Microsoft a annoncé que son équipe de sécurité a découvert une nouvelle souche de malware qui se propage via les clés USB et récupère spécifiquement les informations d'identification du portefeuille cryptographique sur les ordinateurs Windows. La menace, baptisée Trojan/CryptoBandits, cible les clés privées et les phrases de départ liées aux portefeuilles Bitcoin et Ethereum, exposant potentiellement des actifs évalués aux prix actuels du marché. Les investisseurs qui s'appuient sur des applications blockchain doivent savoir que le malware fonctionne silencieusement, sans alertes visibles.
Mécanismes des logiciels malveillants
Le vecteur d'infection repose sur des fichiers de raccourci malveillants portant l'extension « .lnk » ; lorsqu'un utilisateur ouvre le fichier déguisé, des scripts cachés lancent un ver qui s'intègre dans le système d'exploitation. Une fois actif, le ver s’exécute en continu, exécutant un code de vol de portefeuille tout en se préparant simultanément à compromettre tout périphérique USB supplémentaire connecté ultérieurement. L'antivirus Defender de Microsoft a signalé l'activité comme un crypteur, notant que le ver se propage de manière autonome sur les supports amovibles.
Après l'installation, le logiciel malveillant surveille le presse-papiers à intervalles d'une demi-seconde pour capturer les phrases de départ ou les clés privées copiées, puis achemine les données volées via le réseau Tor vers des serveurs contrôlés par les attaquants. Il enregistre également des captures d'écran toutes les dix secondes, rassemblant un contexte visuel qui pourrait faciliter l'extraction ultérieure des informations d'identification. Ces actions se produisent en parallèle, garantissant que la charge utile reste efficace tout en minimisant les risques de détection.
Impact sur les parties prenantes de la cryptographie
Pour les investisseurs en cryptomonnaies, le malware constitue une menace directe pour la sécurité du portefeuille, permettant potentiellement des transactions non autorisées qui contournent le consentement de l'utilisateur.
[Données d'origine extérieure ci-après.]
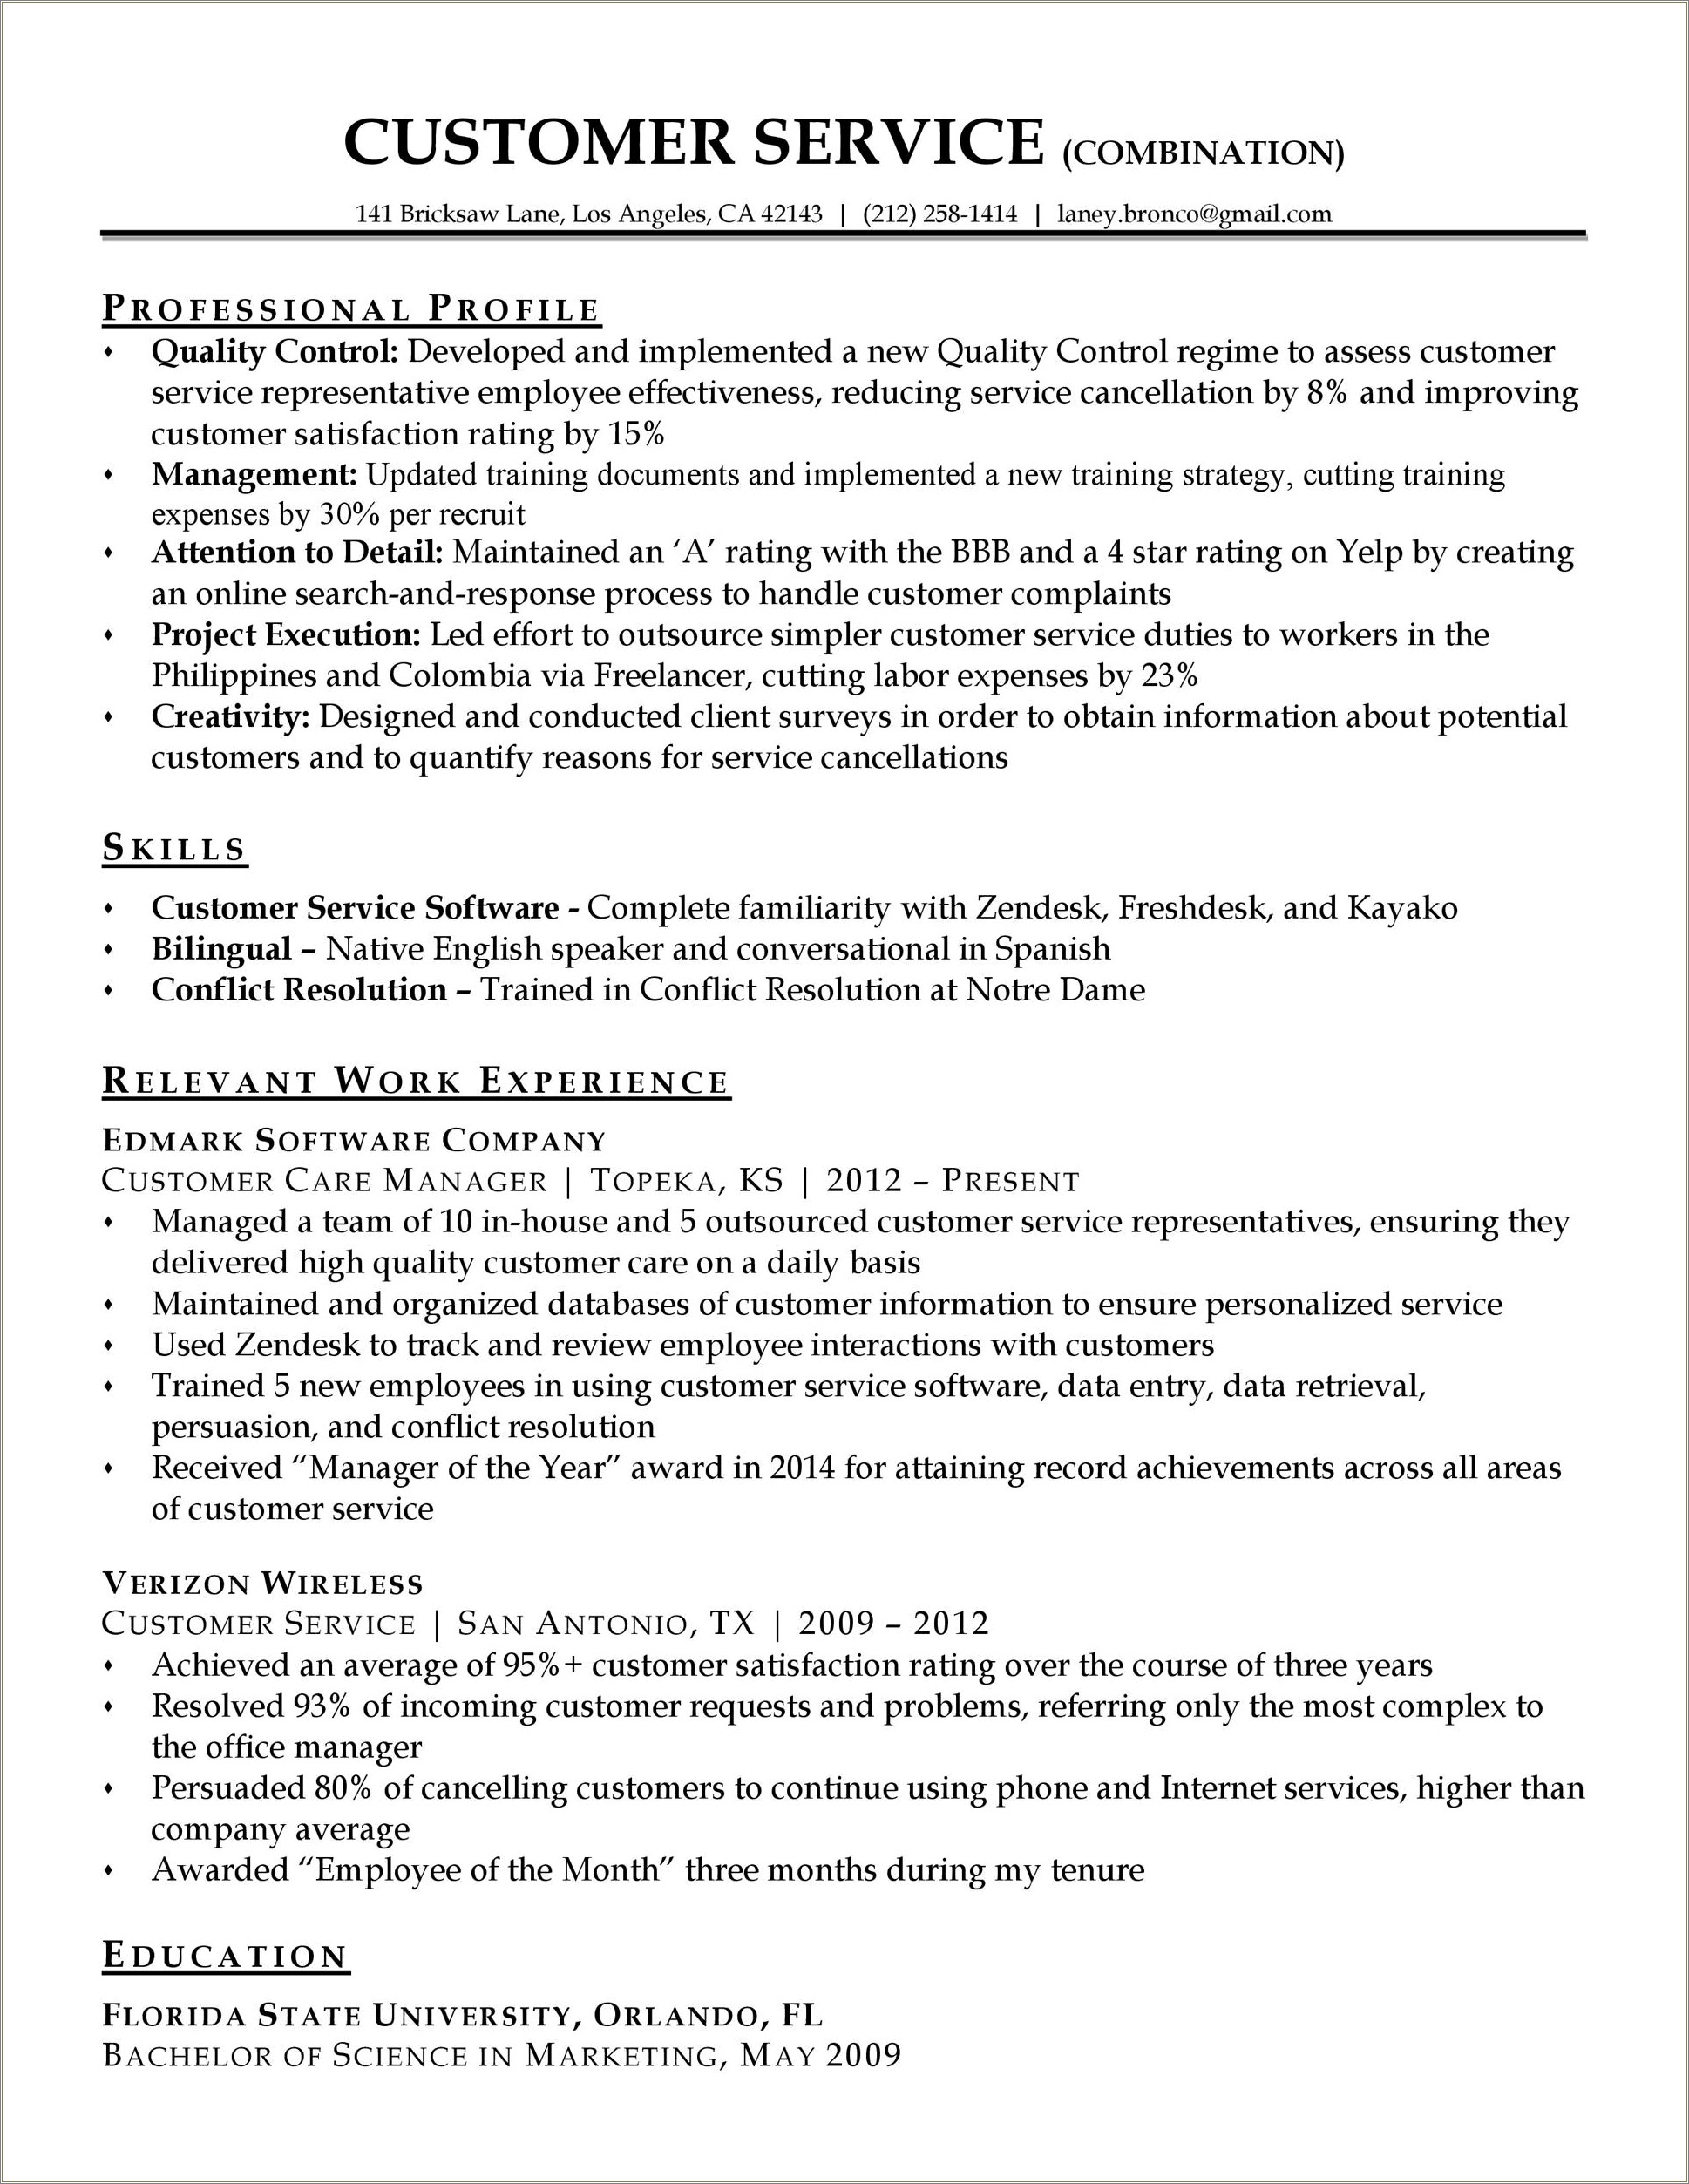 Free Customer Service Manager Resume Templates

En siphonnant les clés privées Bitcoin et Ethereum, la menace pourrait déclencher des fluctuations soudaines du marché si de grandes quantités sont déplacées illégalement, affectant la stabilité des prix et la confiance des investisseurs. La nature secrète du vol de presse-papiers signifie que même les utilisateurs vigilants peuvent exposer par inadvertance leurs actifs tout en copiant les informations d'adresse.
Microsoft conseille aux utilisateurs de désactiver les fonctionnalités d'exécution automatique sur les lecteurs amovibles, de vérifier la légitimité des fichiers de raccourci et de maintenir à jour les signatures de Defender Antivirus. Renforcer la sécurité du portefeuille via des périphériques matériels et éviter le stockage de clés privées sur les machines Windows peut atténuer le risque posé par ce malware émergent axé sur la cryptographie.